What is a FFT then? A FFT is an error that occurs when the user attempting to buy or sell shares accidentally hits additional keys to those they are targeting. The Hindu Business Line provides a nice lists of examples of these errors. The error normally results in trades being made for 10 or 100 times as much as intended. As you will find out, context is everything for this type of error. No big deal if you are working on your home computer and are able to correct the mistake but when dealing with amounts in the millions, this can have a huge impact upon the companies involved, and as listed above, an entire market.

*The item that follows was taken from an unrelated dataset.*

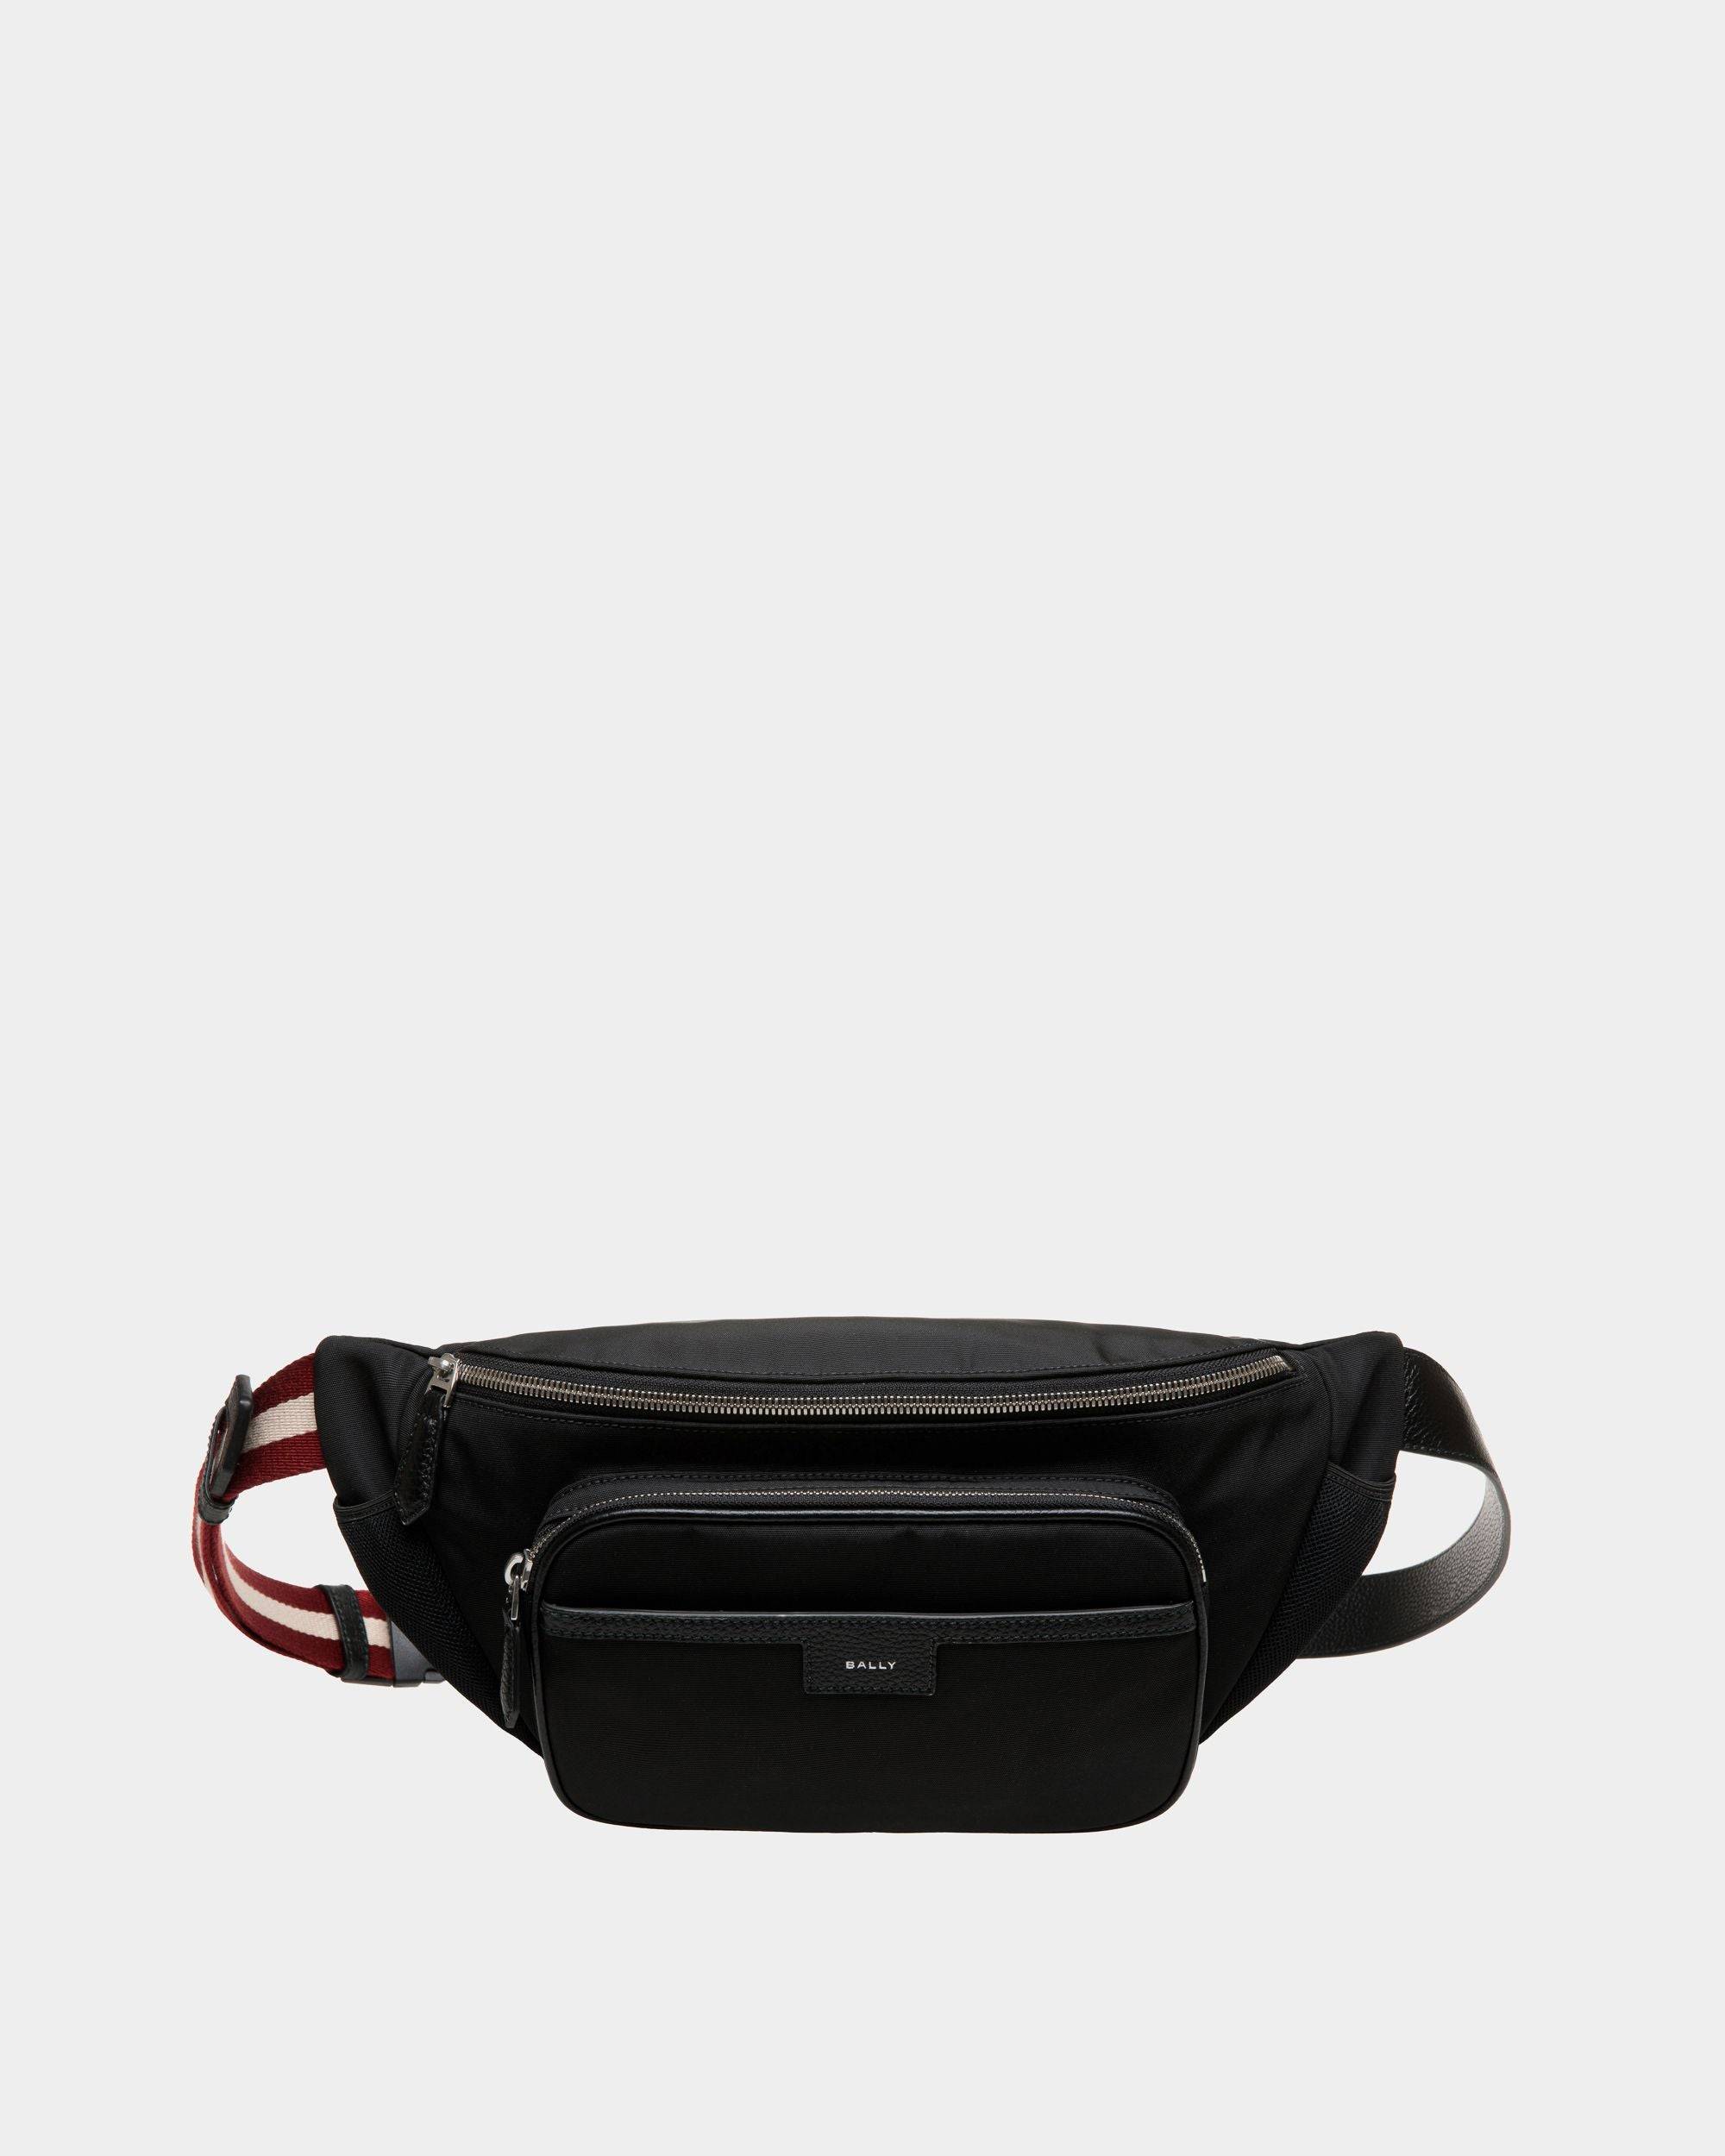 Code | Men's Belt Bag in Black Nylon | Bally | Still Life Front

The problems don’t end there. Occasionally a FFT can have even worse consequences for the company involved. In December 2005 the Times reports an instance of a FFT occuring at the Japanese company Mizuho Securities. Instead of selling 1 share at 610,000 Yen, the employee typing this in accidentally sold 610,000 shares for 1 Yen each. Not only did the error result in huge monetary discrepancies but the company actually sold far more shares than they had, in fact it represented “more than 40 times the total number issued by the company”. Yikes.
How easy is it to place checks and guards into trading software to ensure that trades aren’t made for 40 times the company’s worth? The task seems a trivial one so why has it not been implemented? It could be that in the dynamic and changing world of financial trading the task would involve a fair amount of computation. But these are just the type of calculations that most pieces of financial trading software are made to deal with. We could explain the lack of safe guards on poor User Centred Design. The companies commissioning the trading software will focus on the efficiency and speed at which their employees are able to trade at. In the fast moving world of stocks and shares speed is key to buying lowest and selling highest (fact generated by me based on films I have seen). There is no incentive for the software to be designed to do anything else any better.

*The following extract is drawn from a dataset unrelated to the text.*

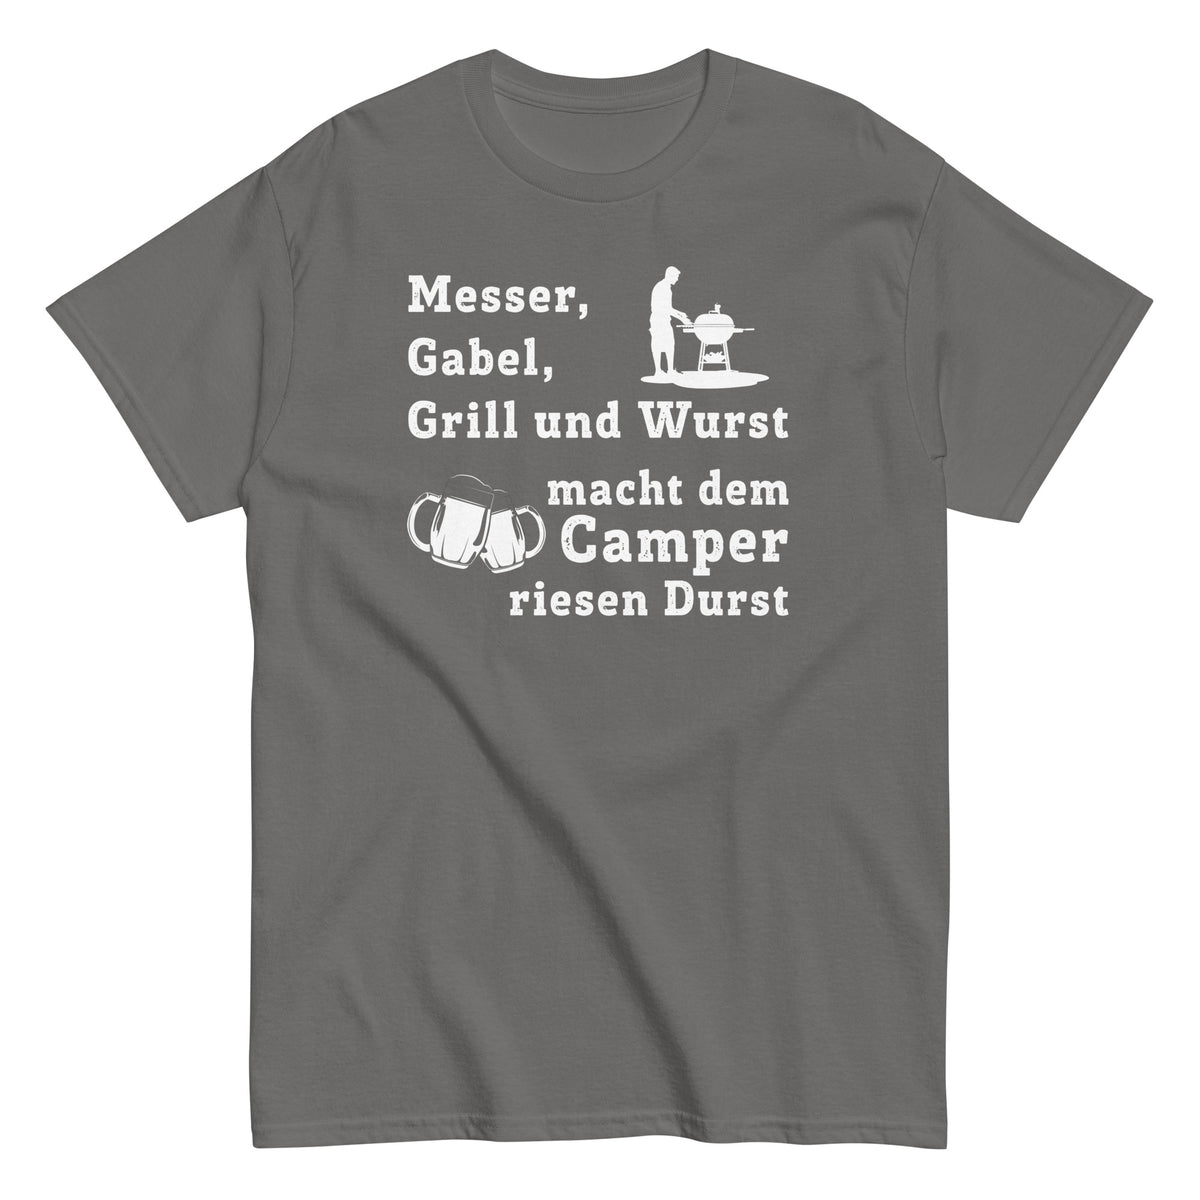 Cooles Herren Spruch Shirt "Messer, Gabel, Grill und Wurst. macht dem Camper riesen Durst"

Well it seems like feedback from these errors is reaching those in charge of designs. This article in the Sunday Morning Herald of Australia suggests that the FFT is being weaned out due to increased checking in the trading software – fantastic. Turns out it wasn’t an impossible problem. The article speculates that perhaps the recent dip in the Dow index was not down to a FFT but rather some error resulting from the program itself. At this point it isn’t human error, I say hooray and leave the analysis of the computer program to someone more interested in analysing the code of financial trading systems than myself.

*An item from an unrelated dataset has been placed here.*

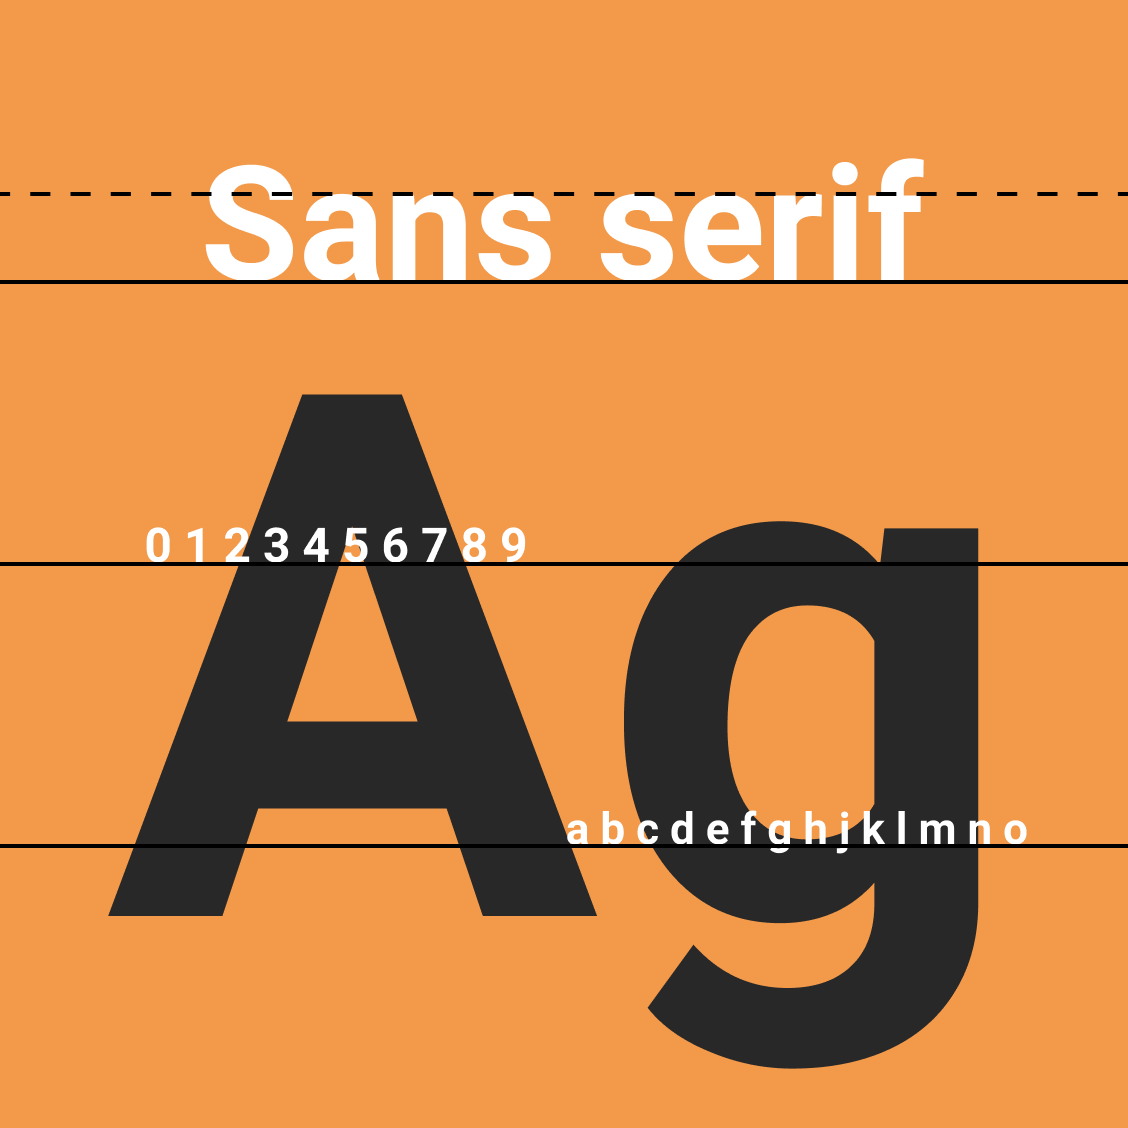 serif vs sans serif body text

One last thought on the FFT example from Mizuho Securities – is this a FFT at all? It seems like the issue here wasn’t pressing additional keys by accident but rather confusing the two numbers and entering them into the wrong locations in the interface. This could have been caused by a confusing interface or a lack of experience or simply mixing the numbers up in the employee’s head. It seems that the term “Fat Finger Trade”, in the media at least, is being appropriated for all types of error that occur in the financial market. How important is this generalisation? Well if we just want to read about traders doing stupid things, it’s a pretty useful search term. But, as a student researching types of number entry error, I really think this generalisation hides the more interesting information. If we break the generic FFT error down into more accurate descriptions of what’s going on, we can begin to look at causes (were they distracted? keyboard too small? numbers too hard to read? numbers too similar? confusing interface? no training?), and the myriad of possible cures.
So newspapers, you can have your buzz words but when you the reader see it, think about what’s really going on – it’s far more interesting.